Mar 2015 bird pond web (4 of 5)

I was planning to share a very ordinary and wonderfully uneventful afternoon feeding the birds. Still am. It wasn't until a conversation at the store earlier that though, that I realized how eventful it actually was.  While checking out I was visiting with the cashier and noticed her name tag.  It read 'Jinks.'  I commented that it was a great tag and there was a story there.  She said, no really, it's my name.  She went on to say that her father thought he was done with babies and then she came along. He figured he was jinxed.  I guess he thought that was funny.  As we talked though she noticed an error she made typing in a code, shook her head, and said, "See, I am just a jinx. Name fits" 

People, hear this. 

In that moment it was driven home to me better than any parenting book I have read how powerful our words can be, how they can build up little people or break them down.  Forever. Somehow, in her mind, there was more to the name than a funny joke. There was a message, still intact and in force, many decades later. 

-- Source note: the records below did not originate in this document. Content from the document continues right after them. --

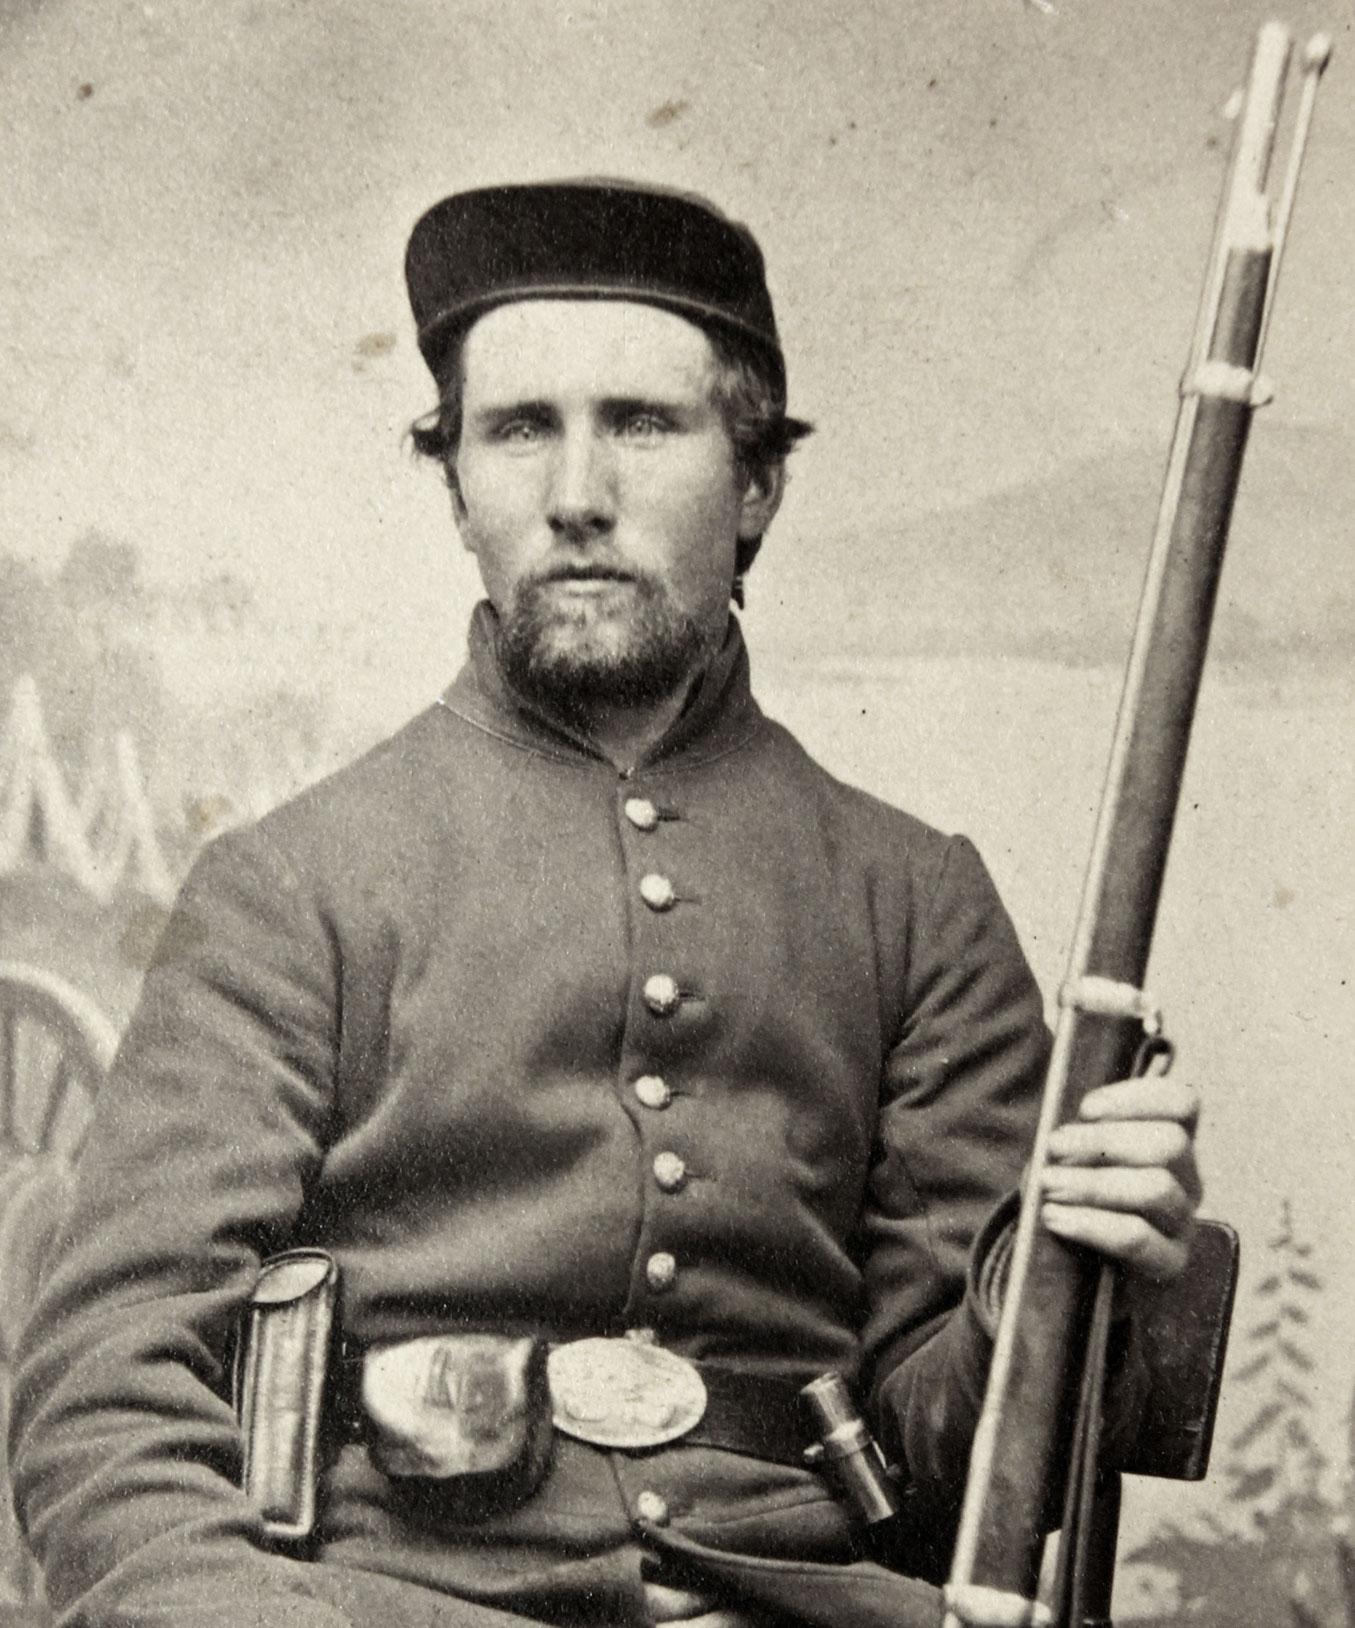 Unidentified federal infantryman. Buck Zaidel collection.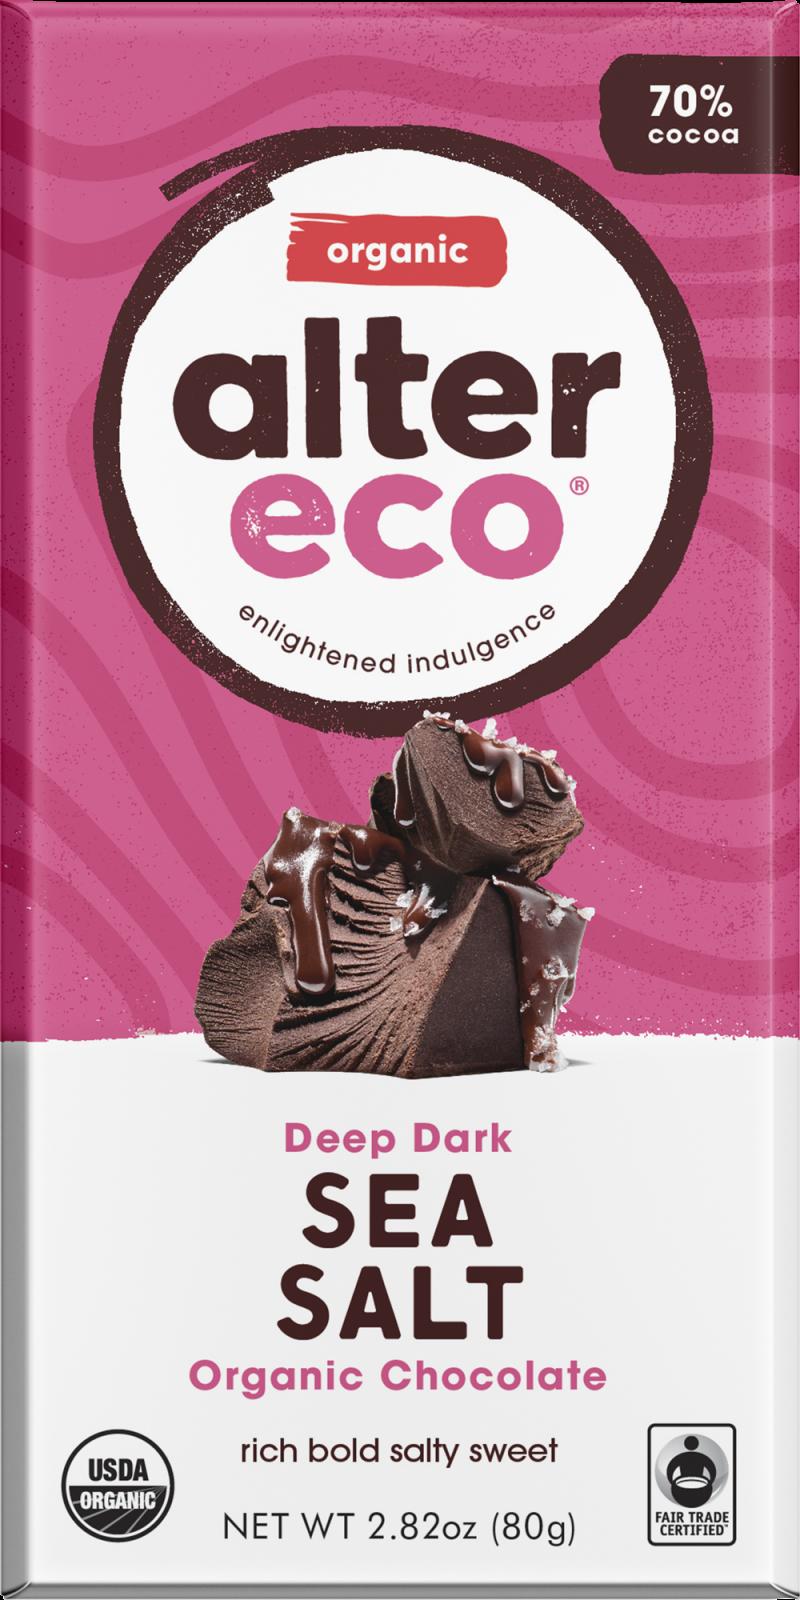 Deep Dark Organic Chocolate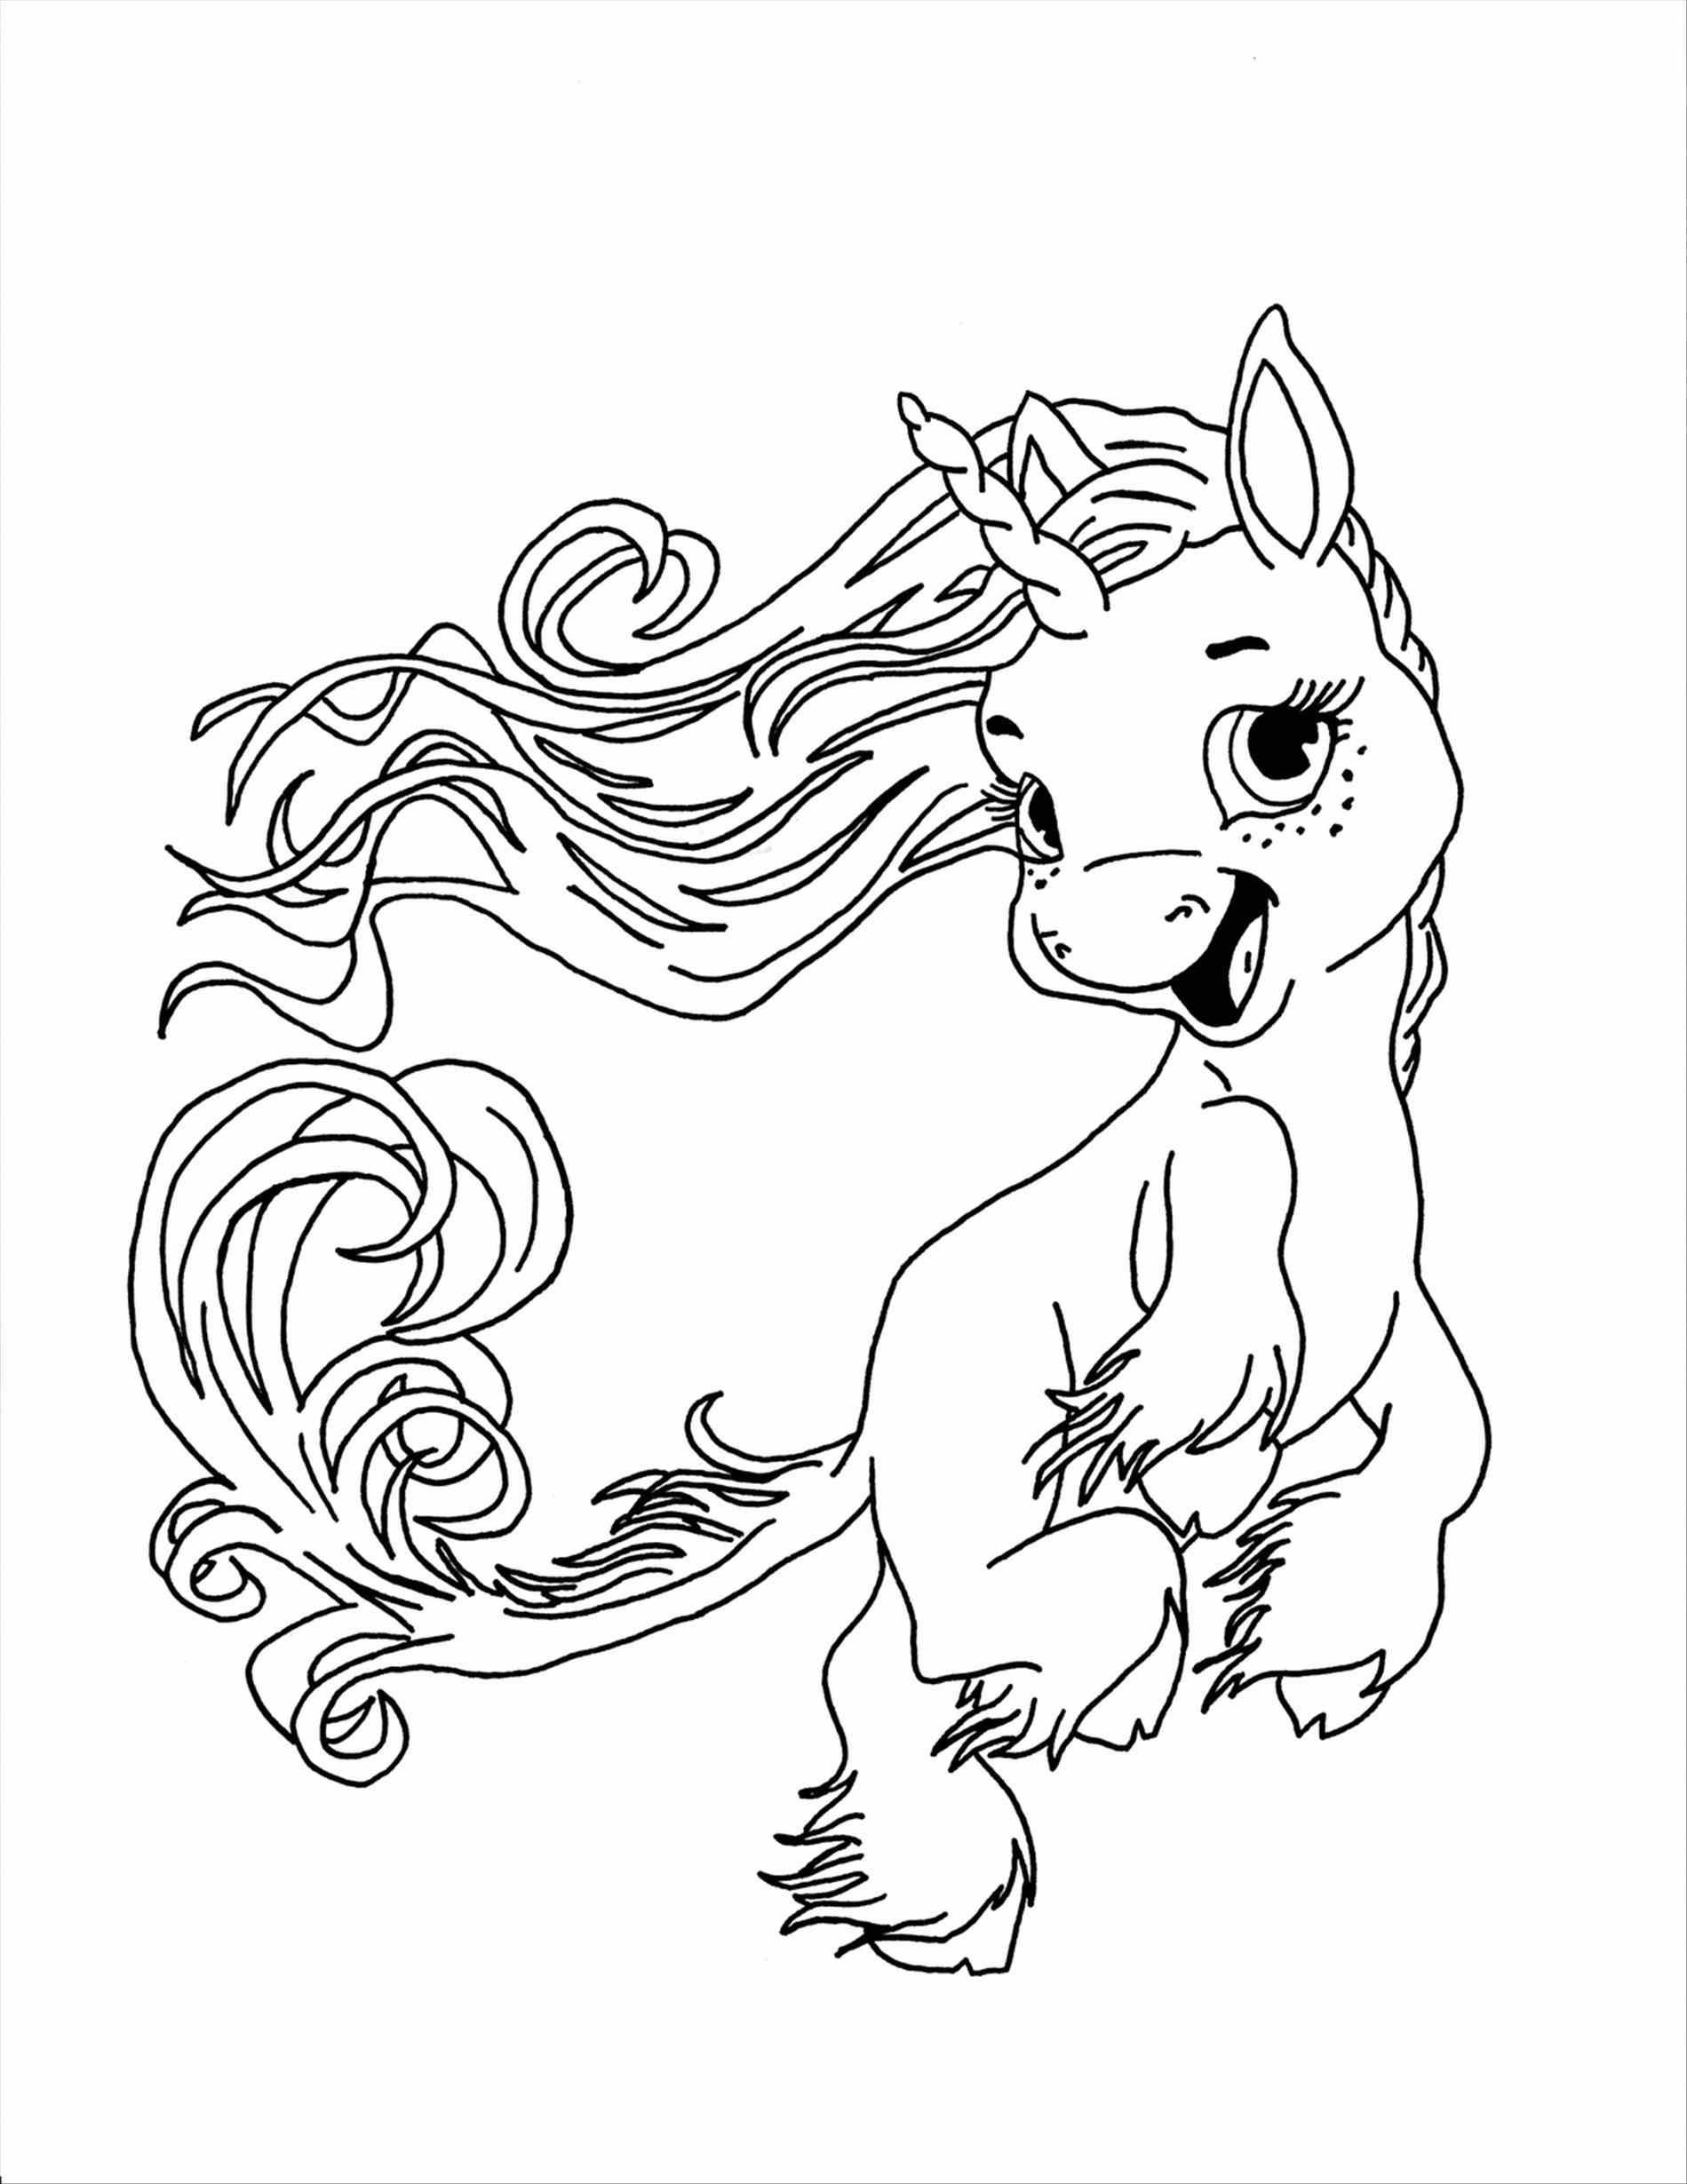 1899x2459 Narwhal With Page Creativemoveme Free Unicorn Kiopadme Free Anime

I think of the words that flow from me regularly.  I think of St James saying that blessing and cursing come from the same mouth and that this should not be. "Can fresh water and salt water flow from the same spring?"

It's easy to be gentle spirited on days like these. Not as easy when the going gets rough, when things are less than idyllic. Stories like these remind me to be more mindful, less flippant, and not to assume that our words won't be taken literally in growing hearts. 

Afternoons like these are not optional.  It is necessary, all this tying of heartstrings.  It affirms to a child over and over that no matter what the circumstances of our lives when they entered into the story it all got a whole lot better by them being there. 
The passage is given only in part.